ACTIVITY =
Your task is to copy the listing exactly. Drop any pictures from the copy.

DATA PROVIDED =
- - - - -

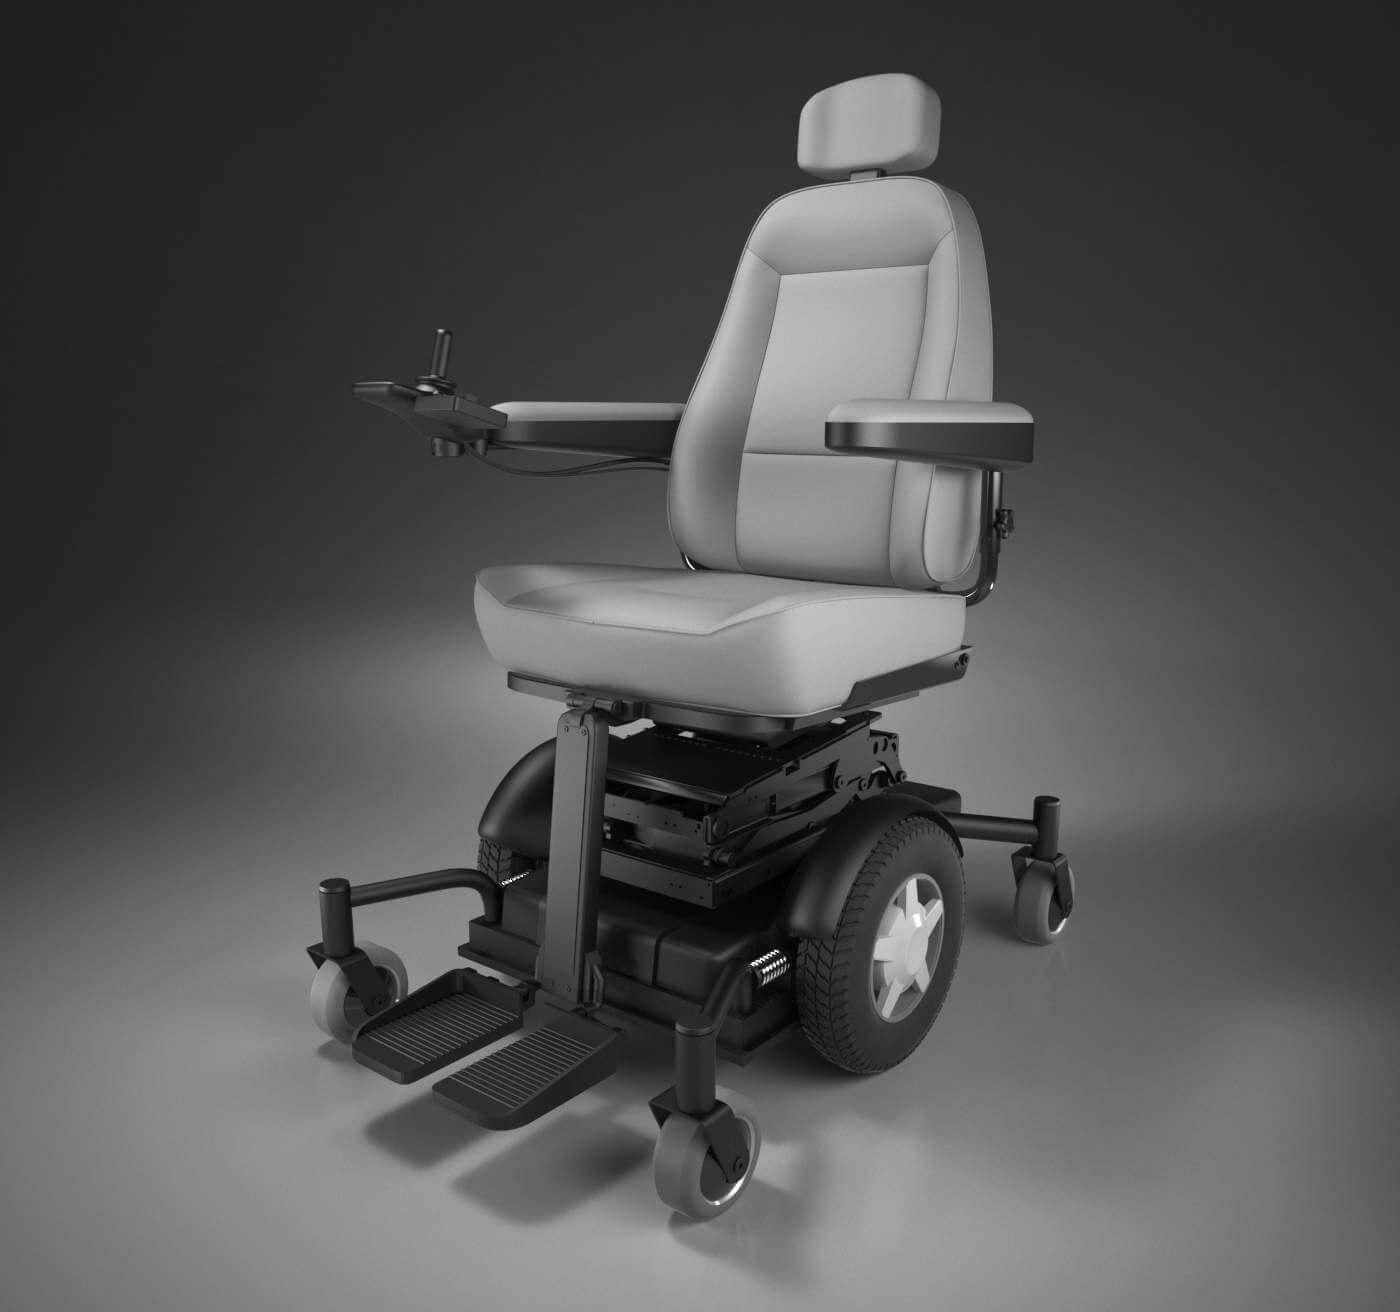 Motorized Wheelchair 3d Model
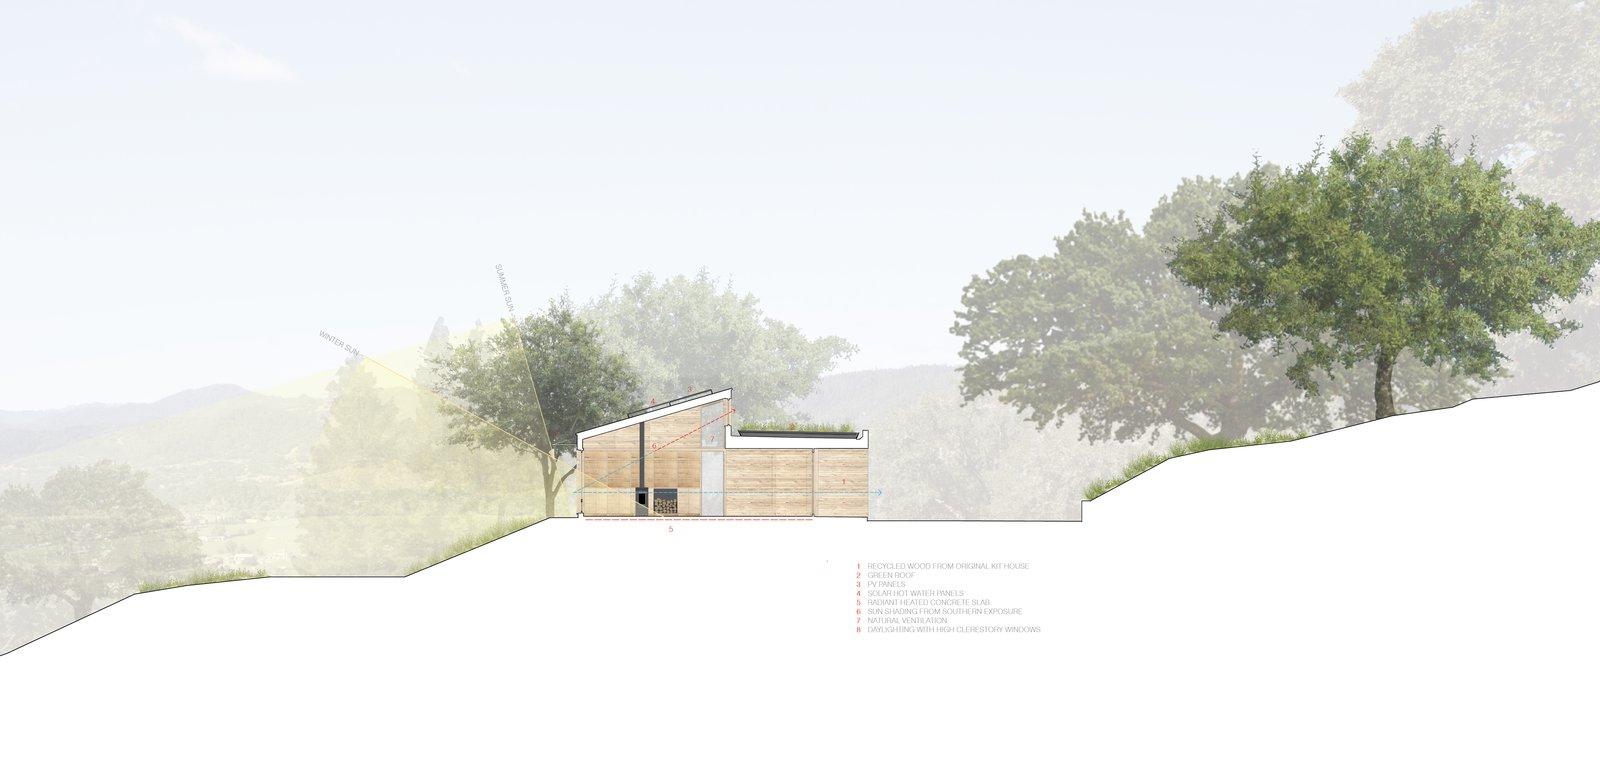 #TurnbullGriffinHaesloop #exterior #landscape #sustainability   Cloverdale Residence by Turnbull Griffin Haesloop Architects
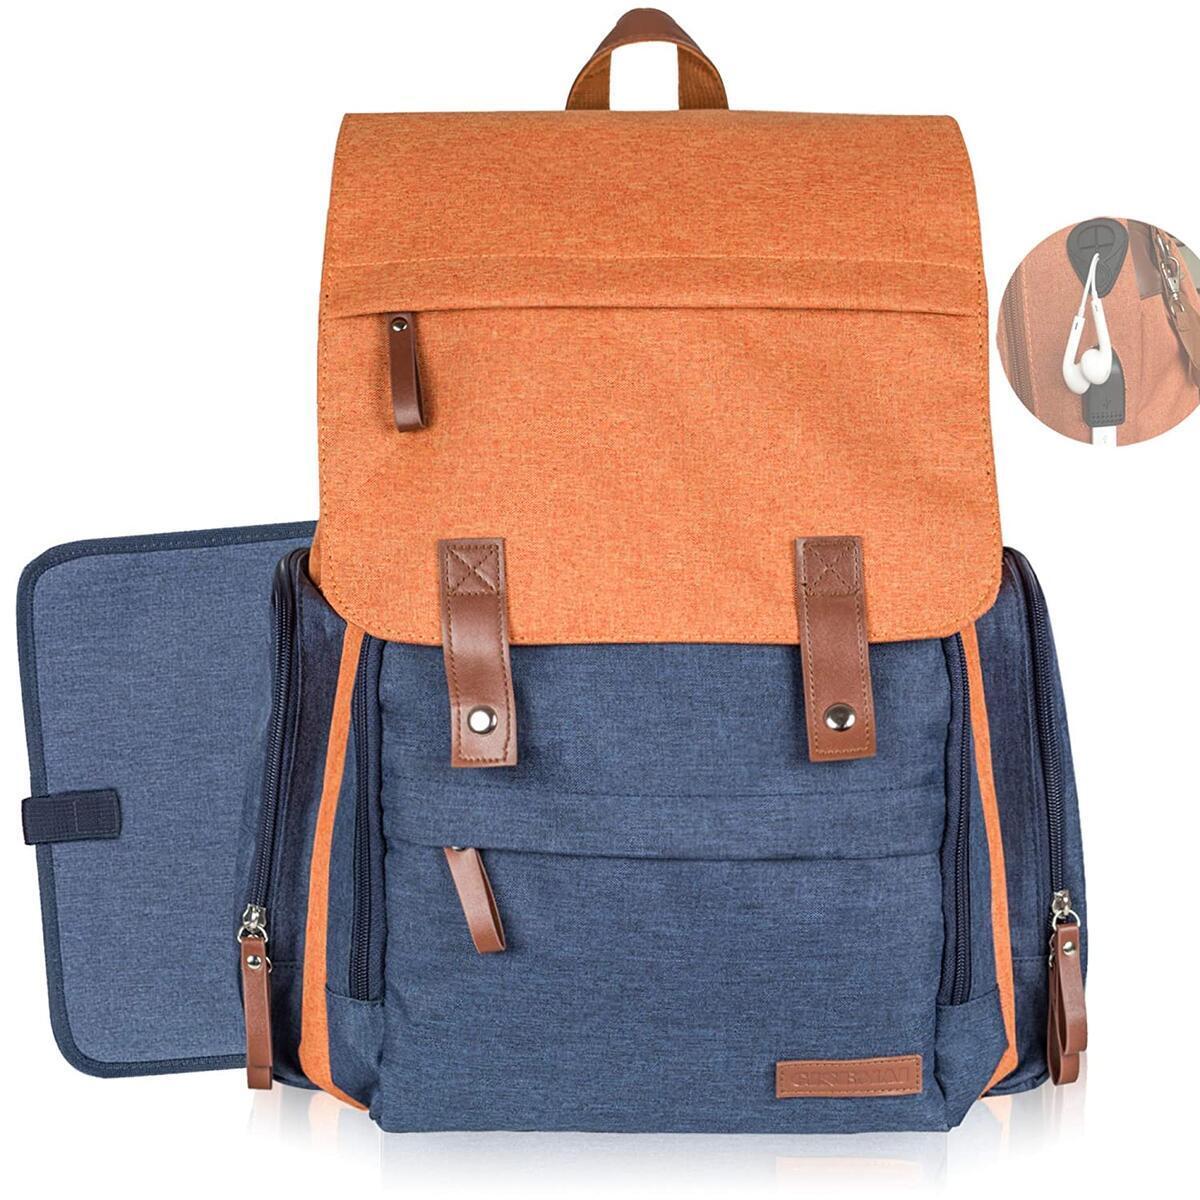 GISEMAI Diaper Bag Backpack   Maternity Bag   Diaper Backpack for Baby Shower Registry   Diaper Bags for Baby Girl & Baby Boy Stuff   Mommy Bag & Dad Diaper Bag (Tile Red & Navy Blue)

- - - - -

PROBLEM SOLUTION =
 Motorized Wheelchair 3d Model
 #TurnbullGriffinHaesloop #exterior #landscape #sustainability   Cloverdale Residence by Turnbull Griffin Haesloop Architects
 GISEMAI Diaper Bag Backpack   Maternity Bag   Diaper Backpack for Baby Shower Registry   Diaper Bags for Baby Girl & Baby Boy Stuff   Mommy Bag & Dad Diaper Bag (Tile Red & Navy Blue)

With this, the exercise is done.